Honestly, several months ago I had a dream that I organized a lecture series for artists who are Parsons staff-members, and it was wildly successful. But once the idea was in my head, it just made sense. So many of our staff have careers and practices outside of their lives here, and there are very few opportunities to discuss them. I wanted to create a place for the conversation to begin between these artists and the larger community.
Through my work I have always probed failure, futility, vulnerability. In 2005, while I was working on fabric sculptures related to memory and placeIhappened to travel to Italy. Everything I encountered struck a chord with what I had been trying to sort out. and also my own anxiety surrounding time/memories slipping through my fingers. The souvenirs, reliquaries, tourists, devout pilgrims I found there gave me a point of context in the world as well as a physicality to model the work on, and it also gave me plenty of fodder for inserting humor into the work.
If you’re pursuing more than one project, are you finding connections between these pursuits, or do they feel separate?
The two most important projects in my life are also the most at odds with each other – practicing art and raising children. I have two young sons, and it would be an understatement to say that balancing everything is a challenge. While on the surface (and some days more than others) it seems like each of these “pursuits” would threaten the other, becoming a parent has deepened my creative process immensely. The practical logistics of making work had to change if I was to keep working, and that shook me out of any ruts I had been in. I have also seen my patience (never a strong trait before) increase, as well as a necessity to be present in the moment and not second guess myself.
Is this your first project of this kind? What unique challenges and discoveries are presenting themselves?
This is the first time I have organized a lecture series. I have given my own artist talks, organized exhibitions, and arranged plenty of collaborative and group projects, but this feels unique because it is so closely connected to my work life. I found it exciting yet vulnerable to propose the idea to staff, not knowing what the response would be. Each step along the way has been very gratifying, as the artists involved have been open and generous, and it has been a thrill delving into their work. I cannot wait for the talks to actually start, because as much as I can learn about their work on my own, something new happens when work is presented for an audience who is equally open and generous.

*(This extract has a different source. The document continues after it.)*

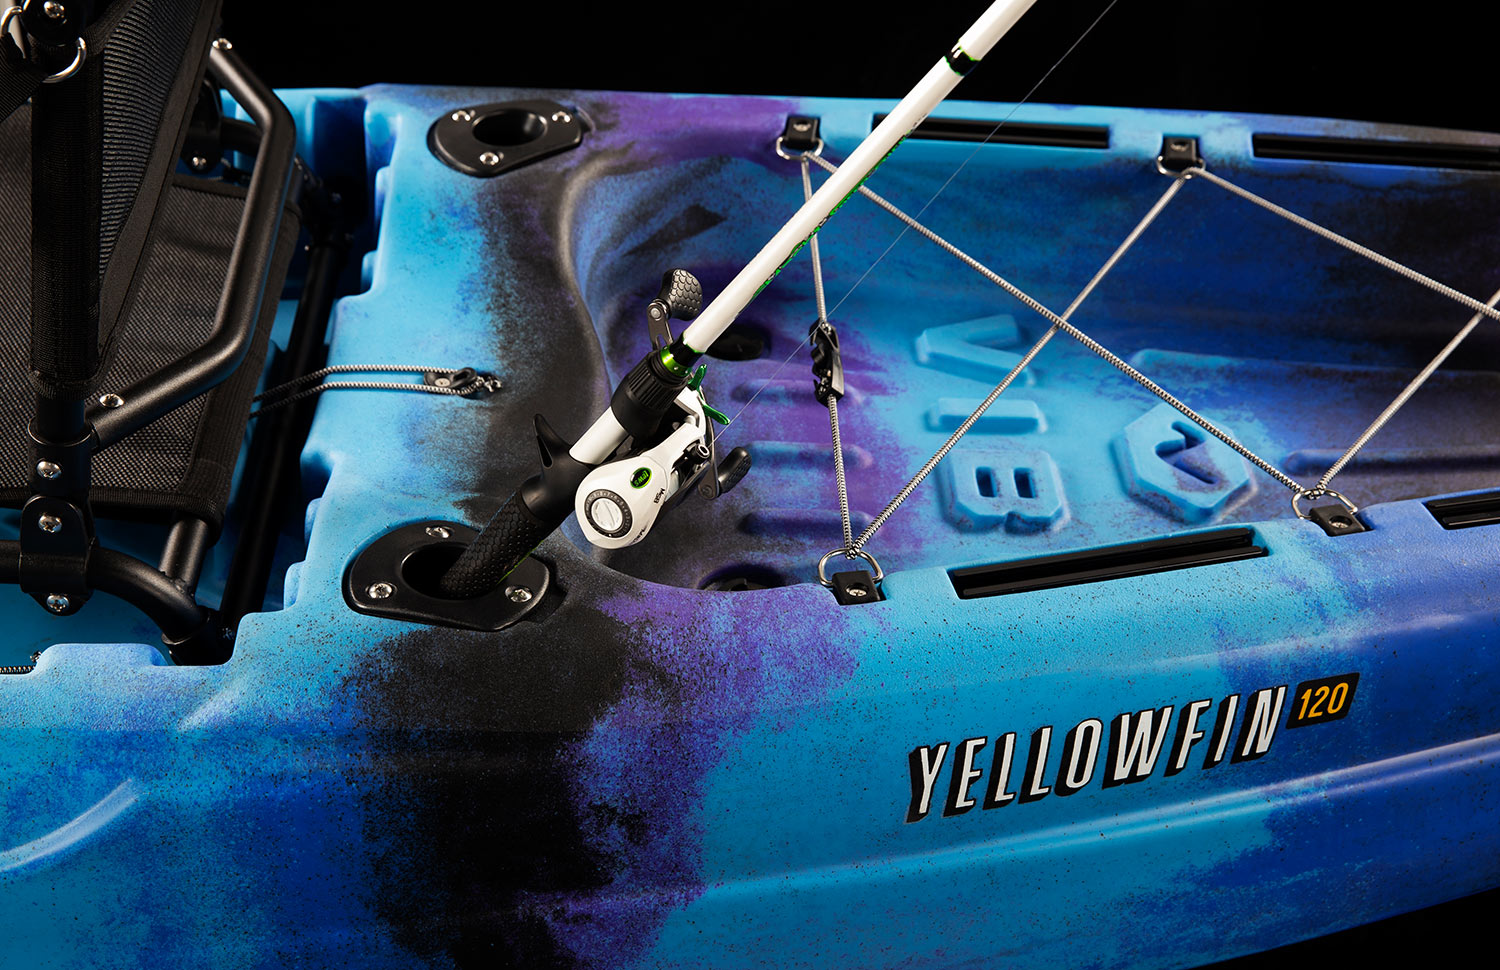 Compartiment de stockage arrière Yellowfin 120 avec fixation par élastique

I am hopeful that this will serve as a catalystfor new connections between Parsons folks, and an exchange of ideas and opportunities.
And while we do have several visual artists who will be speaking, there will also be a writer, a choreographer, and an audio artist. I wouldn’t call this a challenge per se, but these are outside my own bubble of experience, so I am not completely sure what to expect. Have I mentioned I am really excited for the talks to finally begin?
If this project is part of a long-term interest, how have you seen your work shift through time?
I have always worked as an artist, and is the work is always shifting. One of the best things about putting together your own work for a talk is that the act forces you to see the trajectory of your work over time, which usually gets lost in the day to day labor. Even work that seems like it’s spinning out of control usually has some of the DNA of your long-haul project embedded in it, and it’s incredibly helpful to be able to step back and see the connective thread. The physicality of my work has shifted dramatically over the last ten years, and the immediate subject matter is often fluid, but the larger themes are hard to shake.